Genetic risk mechanisms of posttraumatic stress disorder in the human brain
Rahul A. Bharadwaj, Andrew E. Jaffe, Qiang Chen, Amy Deep-Soboslay, Aaron L. Goldman, Michelle I. Mighdoll, John A. Cotoia, Anna C. Brandtjen, JooHeon Shin, Thomas M. Hyde, Venkata S. Mattay, Daniel R. Weinberger and Joel E. Kleinman
Version of Record online: 24 OCT 2016 | DOI: 10.1002/jnr.23957
PTSD genetic risk mechanisms in the human brain. Legend: The graphical overview of our research findings is a proven example of how genetic risk mechanisms potentially operate through multiple modalities including gene expression (RNA sequencing), epigenetics (DNA methylation), and neurophysiology (fMRI) in the human brain.

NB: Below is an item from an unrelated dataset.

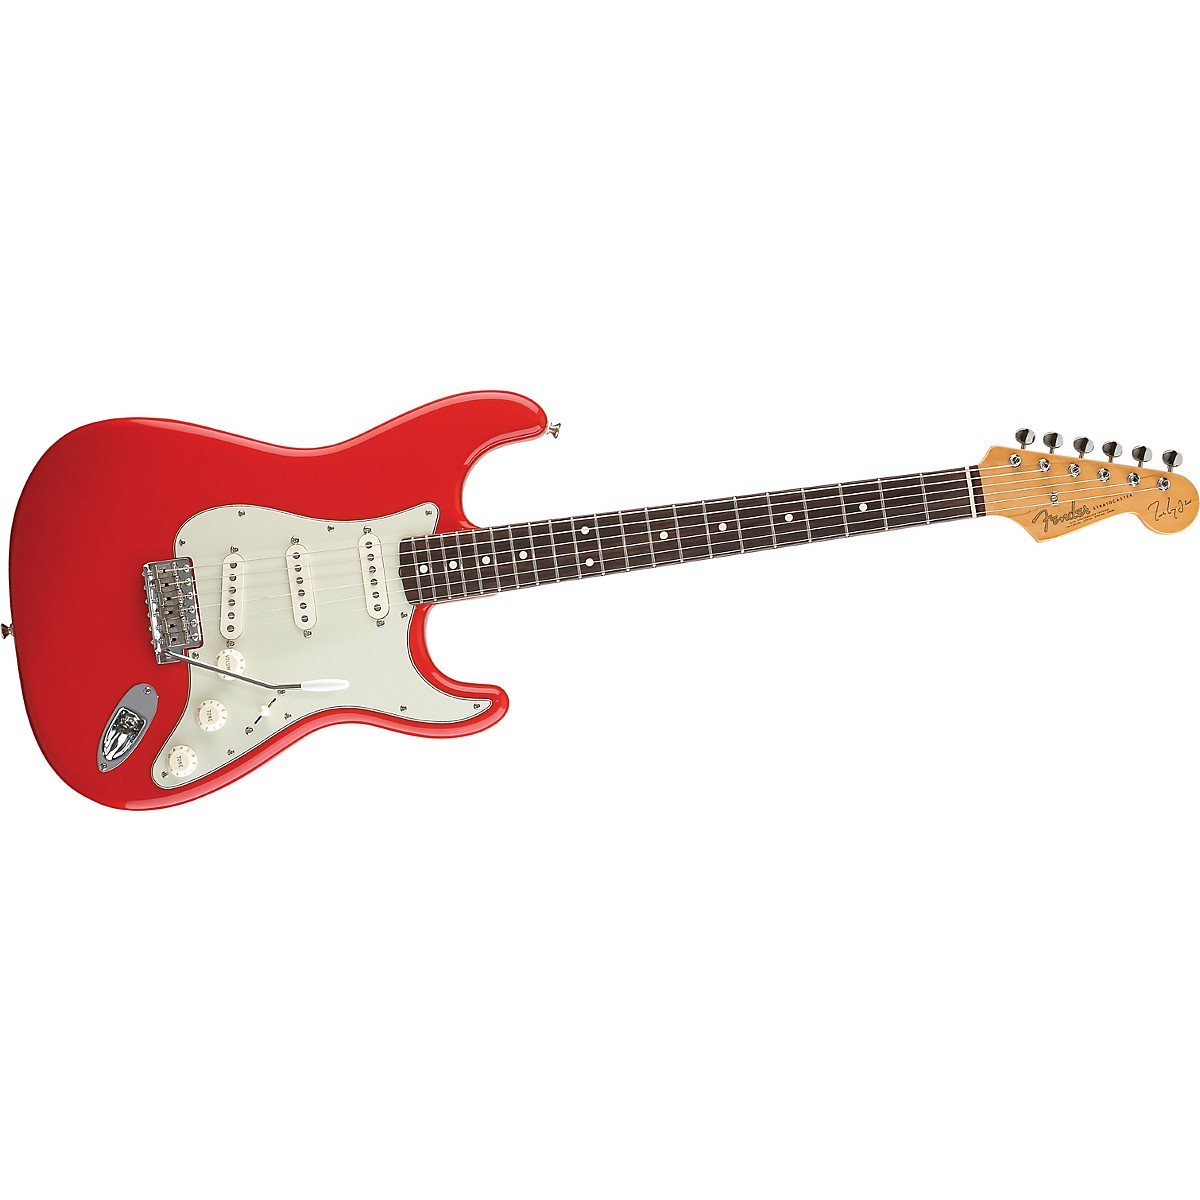 Fender Artist Series Mark Knopfler Stratocaster Electric Guitar

Using “risk” DNA biomarkers such as SNPs improves the tractability insofar as studies addressing plain case–control differences are confounded by substance abuse, treatment, and epiphenomena that are unknown in the absence of a tractable genetic sequence biomarker. To illustrate, we show associations for allelic variation at candidate PTSD “risk” SNP rs363276 (CC/CT/TT) where the risk allele “T” carriers show significant changes across multiple modalities. We present an approach of how we can map mechanisms associated with clinical risk that progress towards either “resilience to” or “risk of” developing PTSD in “normal” controls. Now that we have dissected these mechanisms in “normal” brains, the next step would include evaluating these findings in the brains of subjects diagnosed with PTSD where any differences in these associations can be attributable to PTSD disease phenomena, especially when a control psychiatric group such as “major depression” or “bipolar disorder” is included.